A Companhia Ambiental do Estado de São Paulo (Cetesb) anunciou, no começo da tarde desta quarta-feira (15), que a Ultracargo será multada em mais de R$ 22 milhões pelo incêndio que atingiu o Terminal da Alemoa, em Santos, no litoral de São Paulo, entre os dias 2 e 9 de abril. O G1 entrou em contato com a empresa mas, até a publicação desta reportagem, não havia uma posição oficial sobre o assunto.
De acordo com a Secretaria de Meio Ambiente do Estado de São Paulo, a multa foi de R$ 22,5 milhões por danos ambientais, riscos à população e outras consequências, que não foram especificadas, causadas pelo incêndio na zona industrial de Santos.

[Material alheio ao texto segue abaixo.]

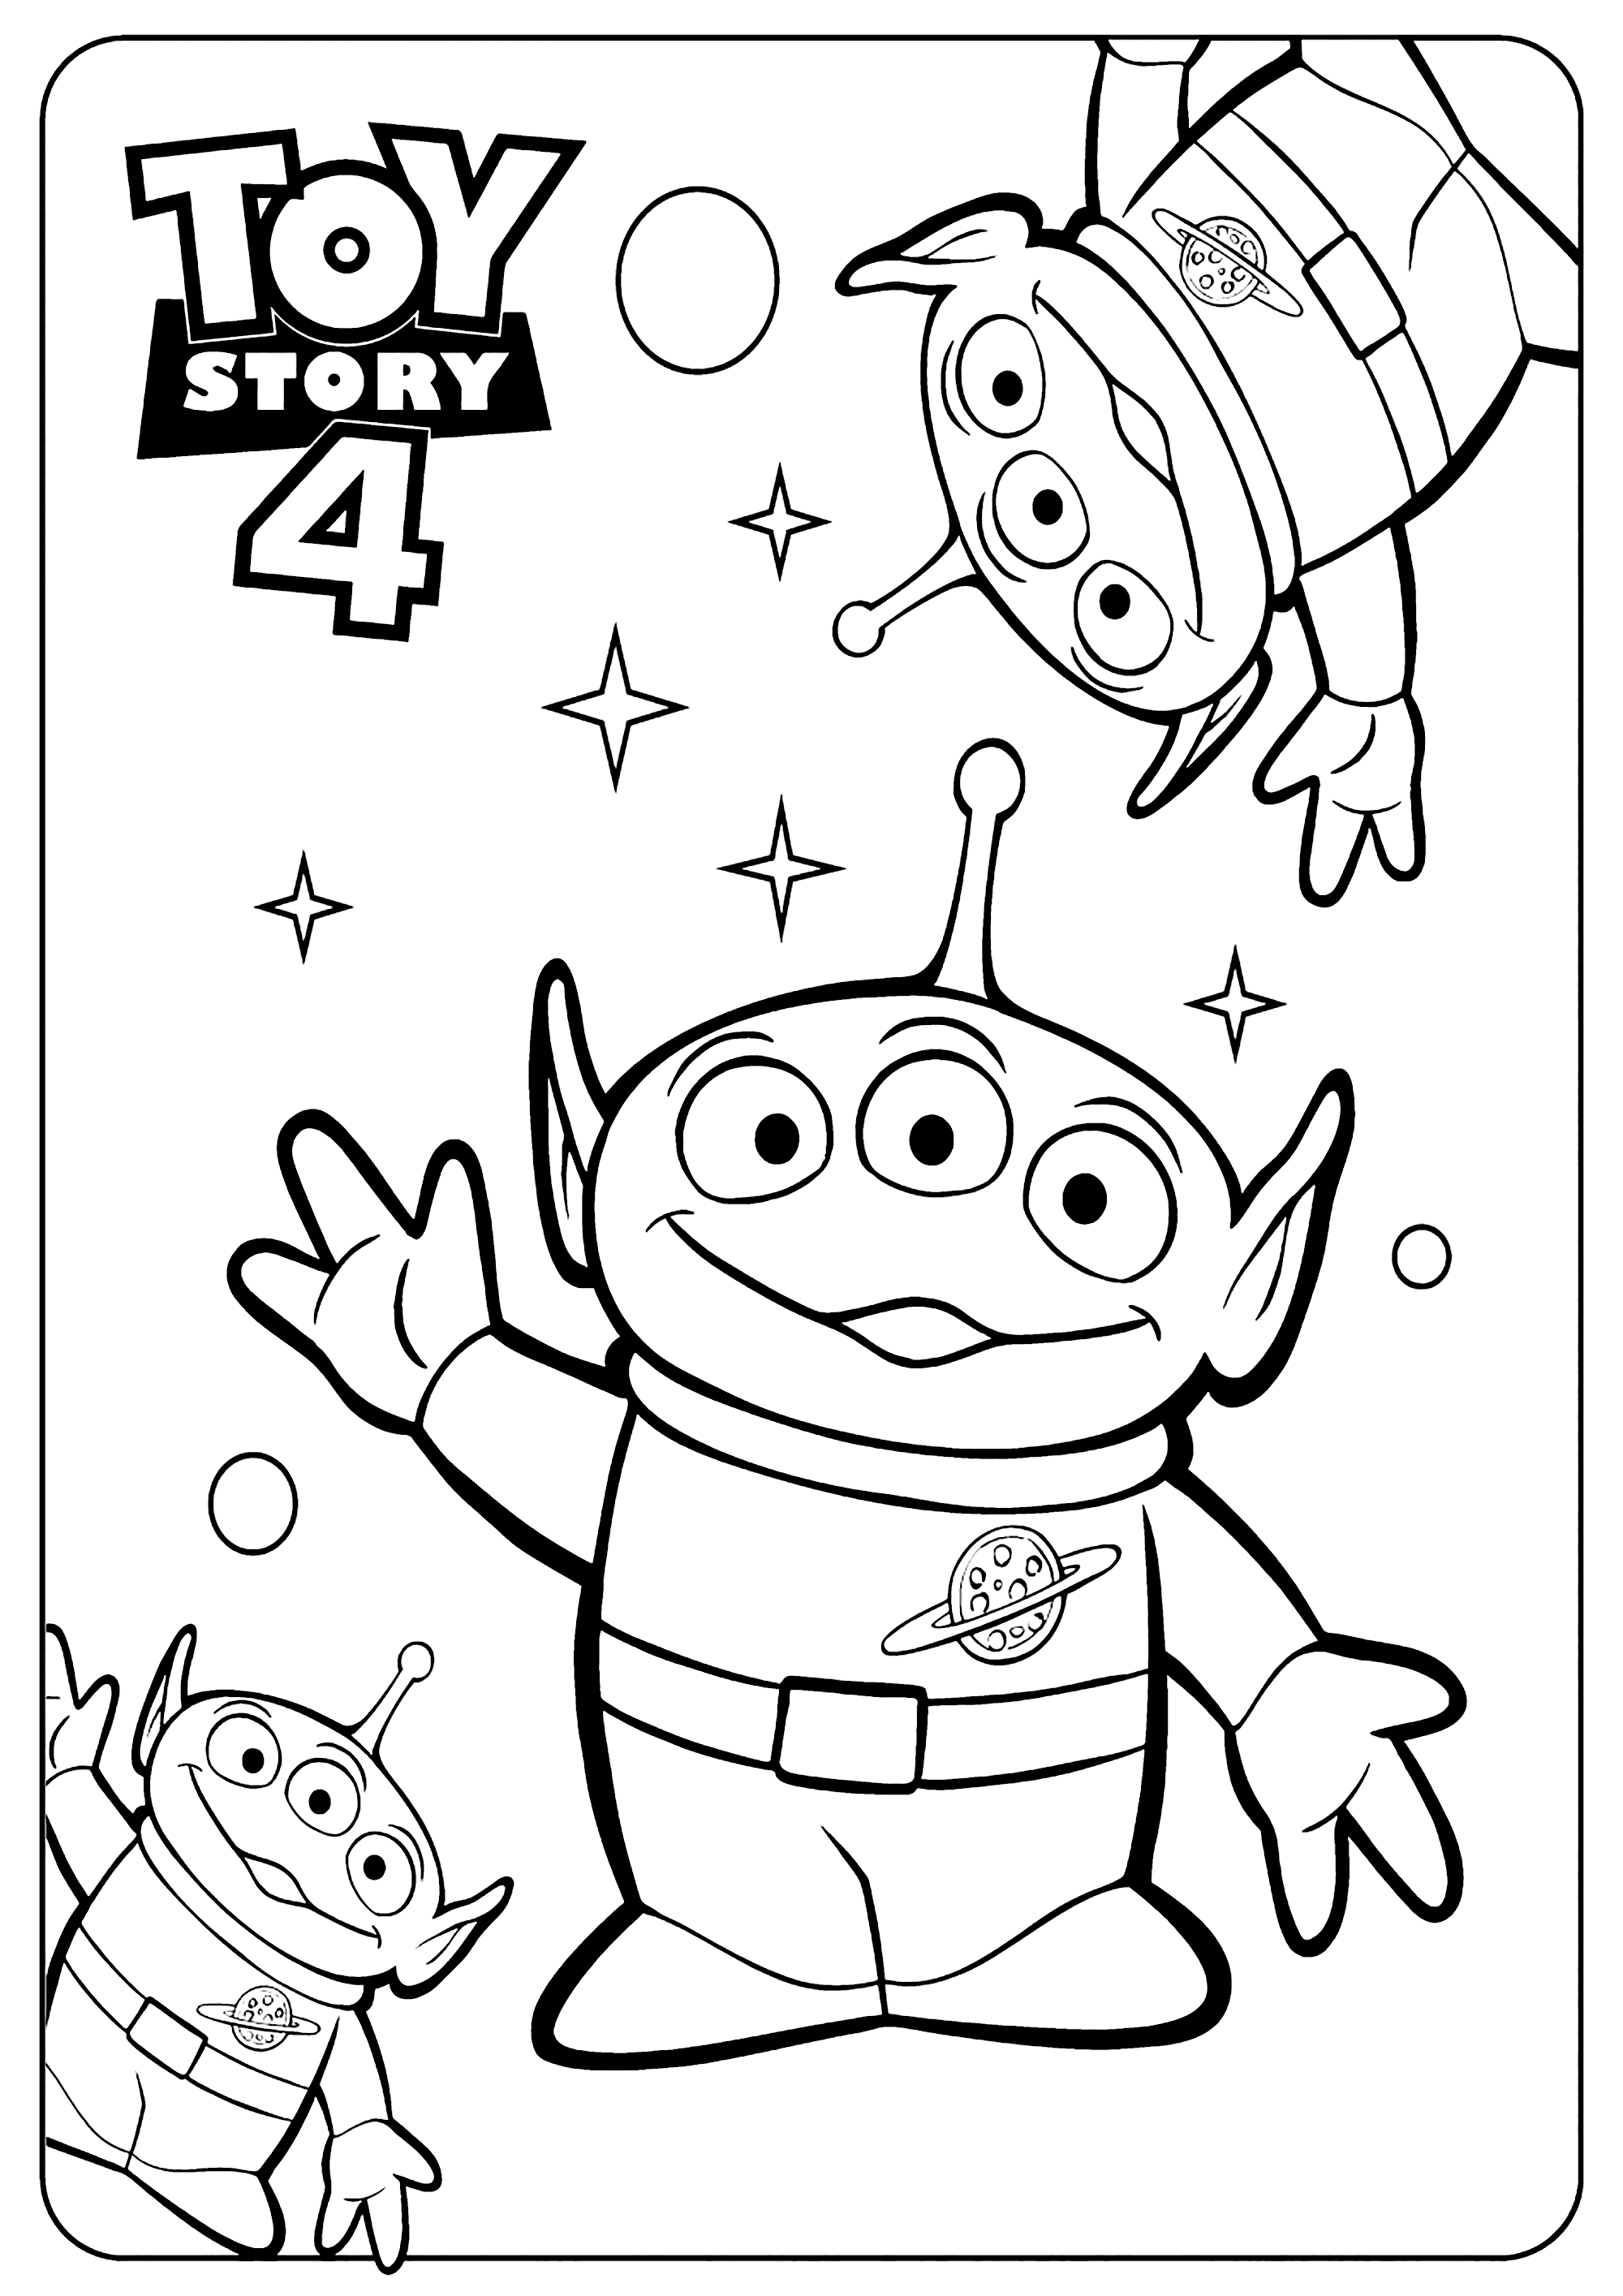 Dibujos para colorear de Toy Story 4: Aliens

A penalidade se baseou nos artigos 61 e 62 do decreto federal 6514/08, que regulamenta a Lei de Crimes Ambientais (Lei 9.605/98).

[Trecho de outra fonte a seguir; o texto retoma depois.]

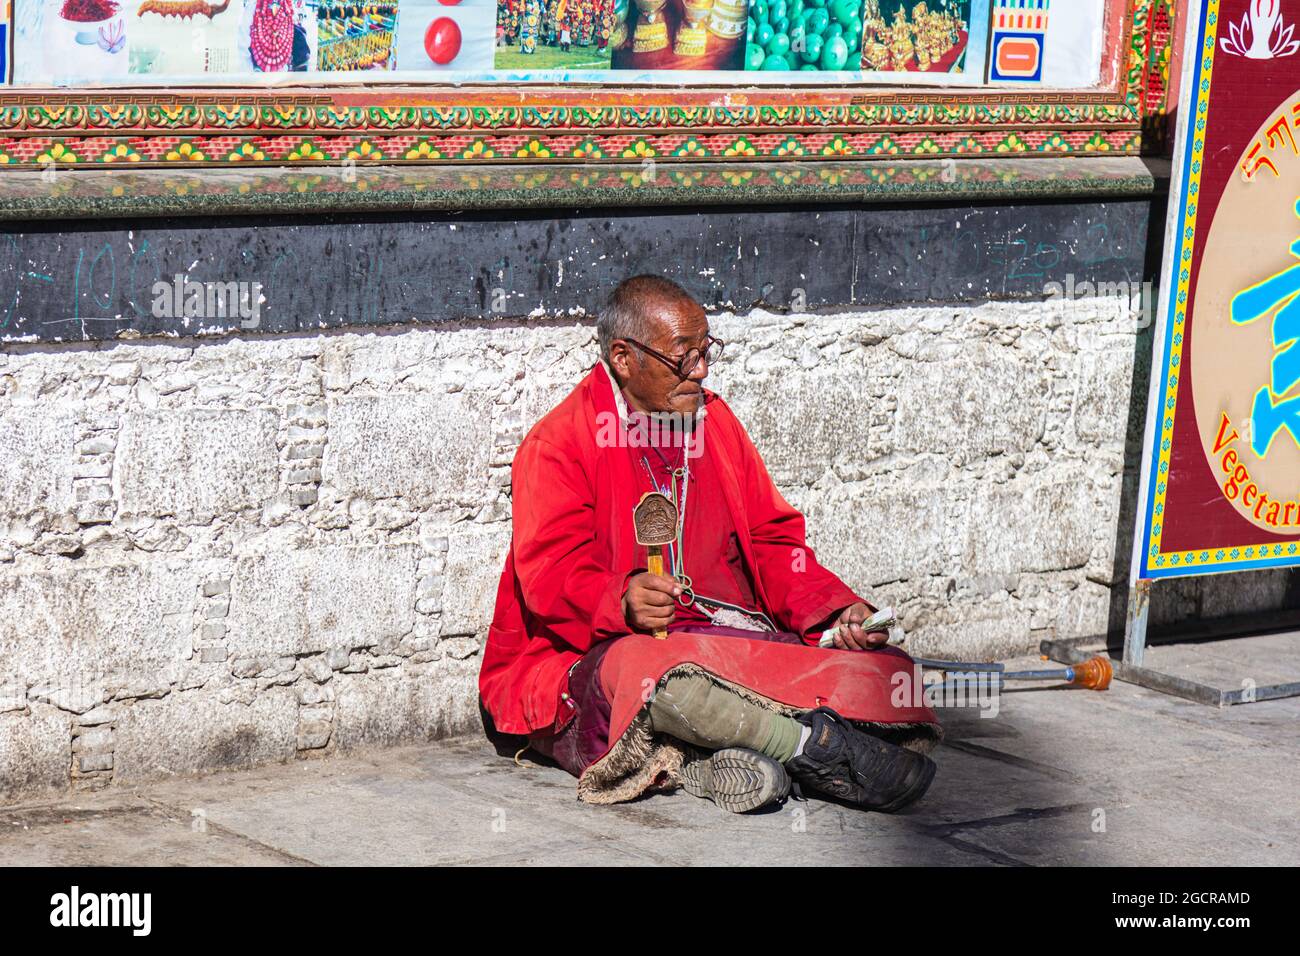 Lhasa, Tibet, China - 15 de noviembre de 2019: Viejo tibetano con muletas y rueda de oración tibetana sentado en el lado de la carretera cerca del templo Jokhang. El Foto de stock

A Ultracargo foi multada por lançar efluentes líquidos no estuário de Santos, em manguezais e na lagoa contígua ao terminal, além de emitir efluentes gasosos na atmosfera, colocar em risco a segurança das comunidades próximas, dos funcionários e de outras instalações localizadas na mesma zona industrial, ocasionar incômodos significativos ao bem estar da população e provocar a mortandade de milhares de peixes, de várias espécies, no estuário e no rio Casqueiro, prejudicando a pesca na região.
Segundo a Cetesb, outros agravantes também foram levados em consideração, como ocasionar a interrupção das atividades de outros terminais da região e do tráfego de caminhões no Porto de Santos, além dos transtornos causados ao tráfego urbano e operações portuárias.
Ainda segundo a Secretaria de Meio Ambiente do Estado, além da multa, a Ultracargo terá de cumprir cinco exigências, que são:
1. Condicionar qualquer remoção de resíduos ou de produtos gerados no incêndio à apresentação de plano específico para esse fim pela Cetesb, que também terá de aprovar o local de disposição desse material, ao emitir o Certificado de Movimentação de Resíduos de Interesse Ambiental.
2. Adotar medidas adequadas na operação de rescaldo do incêndio, para que não haja poluição atmosférica e emissão de substâncias odoríferas fora dos limites do terminal.
3. Realizar novo licenciamento ambiental, nos termos da legislação vigente, para a substituição, adequação ou reforma das instalações e equipamentos colapsados (tanques) ou não.
4. Revisar, no prazo de 30 dias, contados a partir de 14 de abril, o Plano de Ação de Emergência e o Plano de Gerenciamento de Riscos, apontando as falhas que resultaram no incêndio ocorrido no terminal, bem como as medidas preventivas a serem implementadas;
5. Efetuar, no prazo de 30 dias, o monitoramento das águas superficiais do estuário de Santos e lagoa contígua ao terminal, bem como da vegetação do entorno, inclusive de manguezais eventualmente impactados, adotando medidas necessárias para sua recuperação.
Além disso, a Ultracargo terá que contratar uma empresa especializada para fazer o resgate e atendimento emergencial da fauna silvestre aquática e terrestre, bem como o monitoramento de todos os grupos de fauna da área de interesse direto e indireto do local do incêndio, com apresentação de cronograma de atividades, projeto de translocação e eutanásia, e anuência do Departamento de Fauna da Coordenadoria de Biodiversidade e Recursos Naturais, órgão da Secretaria Estadual de Meio Ambiente, e da Polícia Ambiental, para a translocação das espécies que ainda poderão sofrer impacto após o incêndio.